Friday, April 08, 2005

The VCR is dead - long live the DVR

A vulnerable moment (left alone by a momentarily distracted wife in an electronics store during a sale) has led to the invocation of Bell's Law and the addition of a shiny new Pioneer DVR-520H to the home theatre setup.

Living in the heat and humidity of Singapore has not been kind to our VCR tape collection. Many of the pre-recorded tapes purchased more than 10 years ago are unusable. There is also the palpable shock of switching from the clean high resolution picture provided by a DVD. Going back to the old grainy VCR and waiting for the thing to rewind, only to miss all the great sound coded on the equivalent DVD is just too much.

We have had DVD's and players since the format was first released, but the VCR was the only available device to do time-shifting. Being in Asia, there is no TIVO or G-code recording. Definitely created a sense of deprivation.

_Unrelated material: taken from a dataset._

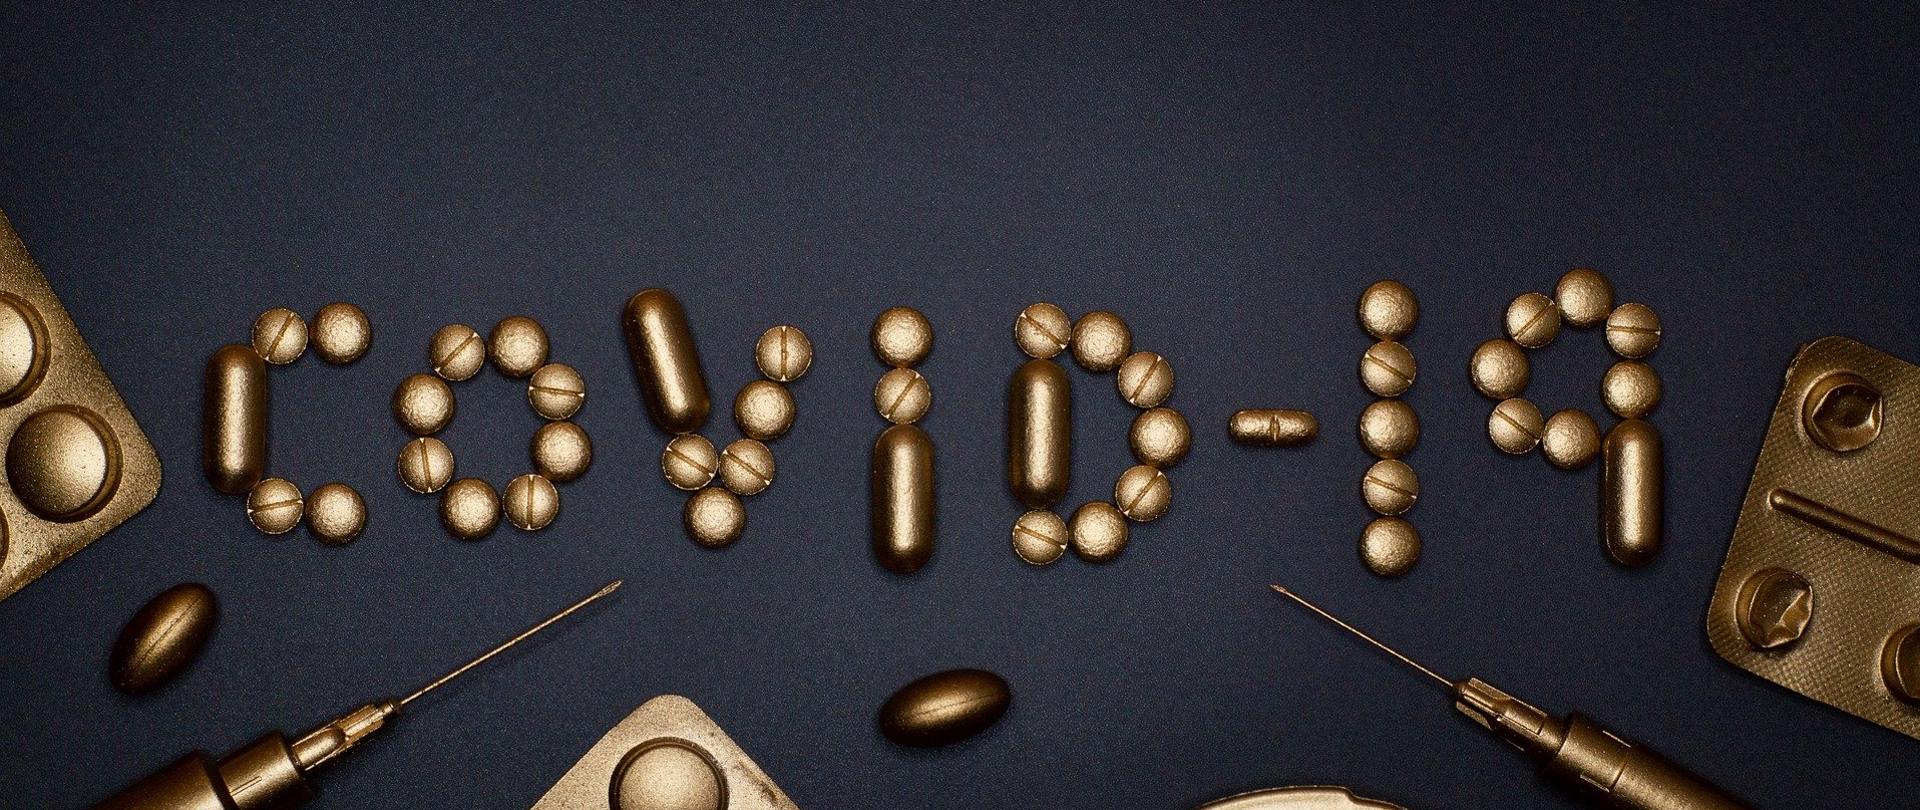 złote tabletki na czarnym tle ułożone w napis COVID-19.

DVR's with hard disk recording and built-in DVD burners started showing up last year, but at ridiculous prices. By the Chinese New Year sales this year, things had calmed down enough to punish the plastic and bring home a new toy.

After looking at all the various flavours of DVR available here, I decided it really came down to a choice of UI and remote. In other words, it is digital recording, so there won't be much difference in the actual recording, just in how easy it is to program and operate.

The Pioneer DVR series quickly emerged as the most sensible and practical package. It really is a pleasure to use, with just a few key presses to set up a future recording event, to retrieve a recorded program, and to burn a permanent copy.

Highly recommended.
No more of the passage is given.